Despite this grammatical flourish, Amini smiled the way they all did when she spoke. ‘Who do you mourn?’ she asked brightly, as if asking Nell her favorite color.

‘My sister,’ she told her. ‘Katie.’

‘Katie,’ Amina said.

‘Katie,’ Nell said.

‘Katie.’

‘Katie,’ said a few others, some squatting, chewing, drawing, weaving. The old man Sanjo had found one of Fen’s cigarettes and chewed on it slowly. Katie, the room murmured. It was like breathing life into something long inert. No one had ever said her name in their house afterward.

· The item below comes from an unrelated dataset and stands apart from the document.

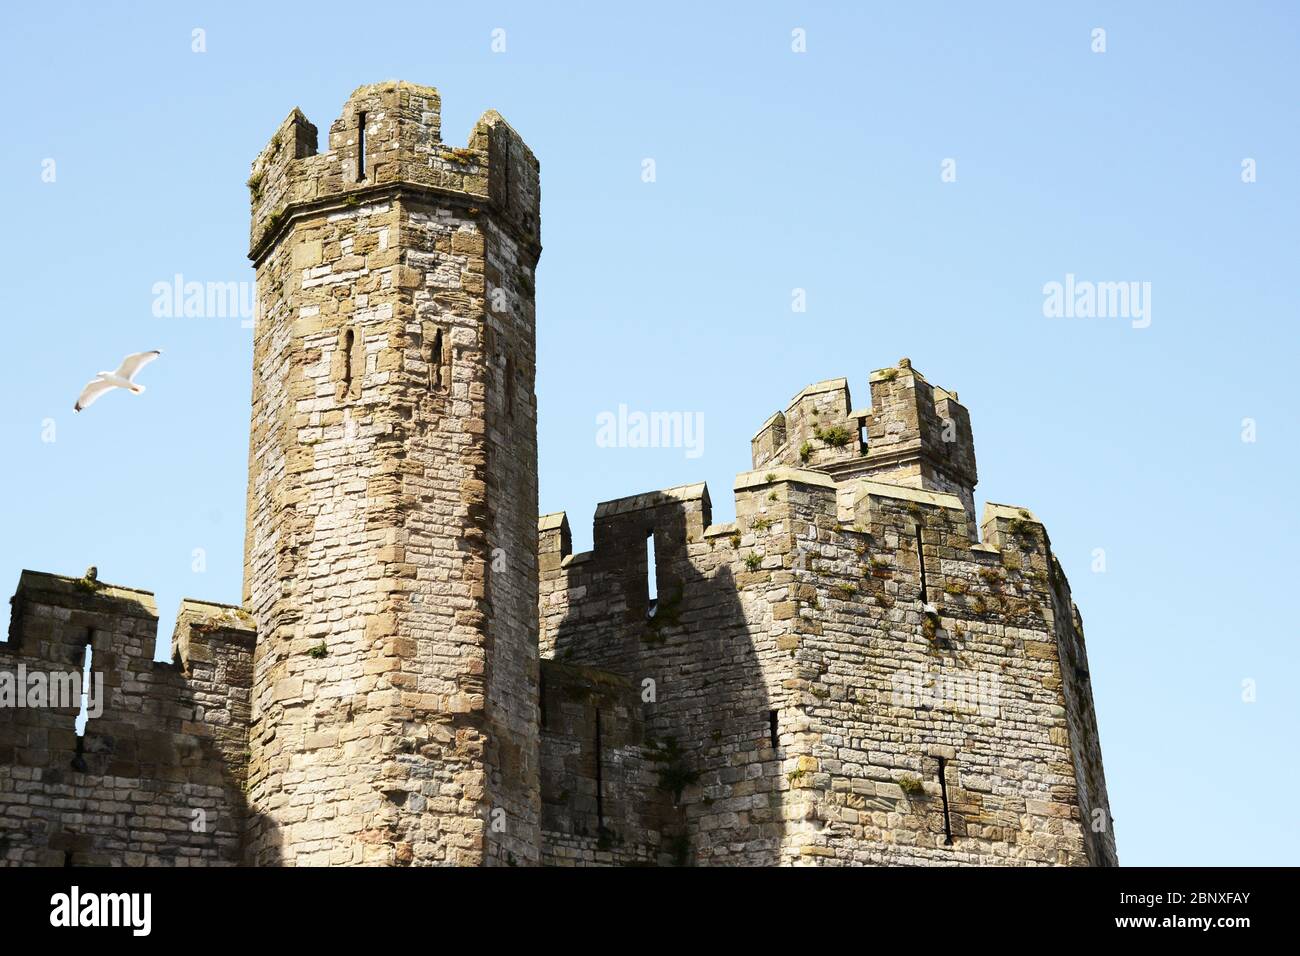 The towers at Caernarfon castle in North Wales Stock Photo

There were no women visitors today. There were not often many, as they fished in the morning, but today there were none. And the men who’d come were agitated, scowling, full of complaints.

Old Sanjo pointed to her typewriter in the big mosquito room. His skin stretched across his armpits like a bat’s, so thin it was nearly transparent.

She had promised him she would show him how it worked.

‘Obe,’ she said to him. Yes.

Nearly everyone got up.

‘Only Sanjo,’ she said.

She took him into the room. He poked at the netting, firm in its wooden frame. He drew back to poke harder.

No, she told him.

He looked all around, tracing the lines of this ten-by-ten frame of netting they were in. He looked like he wanted to leave. Everyone else was peering in, noses against the screen.

She ripped a piece of paper from her notebook and spun it around the platen.

Sanjo , she typed quickly. He stepped back at the noise. Several children screamed. She pulled out the paper and handed it to him. ‘You. Sanjo. In English. In my talk.’

He touched the letters she’d typed. ‘I have seen this before,’ he said. He pointed to her books. ‘I did not know it could be my name.’

‘It can be anything.’

‘They are powerful?’

‘Sometimes.’

‘I do not want them.’

She realized he saw the letters as part of his ‘dirt,’ a piece of him like hair or skin or shit that enemies could steal and put a hex on.

‘It is not your dirt.’

He handed it back to her.

‘I will keep it here,’ she said. ‘Then it will be safe.’

Fen did not return for lunch, so she was able to get out early on her rounds to the women’s houses. She had been visiting these twelve houses for six weeks now. They each contained several families, minus the men and the initiated boys, who slept in the ceremonial houses closer to the lake. Despite her daily progress with the language, she felt she’d reached an unexpected plateau with the women. The men, though harder to access because she was not allowed into their houses, were free with their words, included her in their talk of who would marry whom, and what would have to be paid, and to whom, while the women had far less patience for chatter. She had never known a tribe where the women were more reticent than the men.

Because the rains were late, the road was a desiccated crust, hard as marble underfoot. Ripe fruit exploded when it hit the ground. Hot air blew down from the high trees, their dry fronds cracking against each other. Bugs aimed for her eyes and mouth, looking for moisture.

At the turn in the road she found Fen with a few men, scraping out the last bits of wood pulp from the hollowed trunk with flat rocks. As usual, even for manual labour, the Tam men wore many strings of round yellow shells around their neck, armbands of bamboo fiber, and fox fur pubic covering. Their hair was curled and festooned with parrot feathers. The shell necklaces clacked rhythmically as they worked. Three skulls, leather-brown with age, were propped up against a tree nearby to oversee and bless the work of the descendants of their clan. One skull was missing its jaw. Nell looked for it and sure enough, it hung around the neck of Toabun, the clan elder.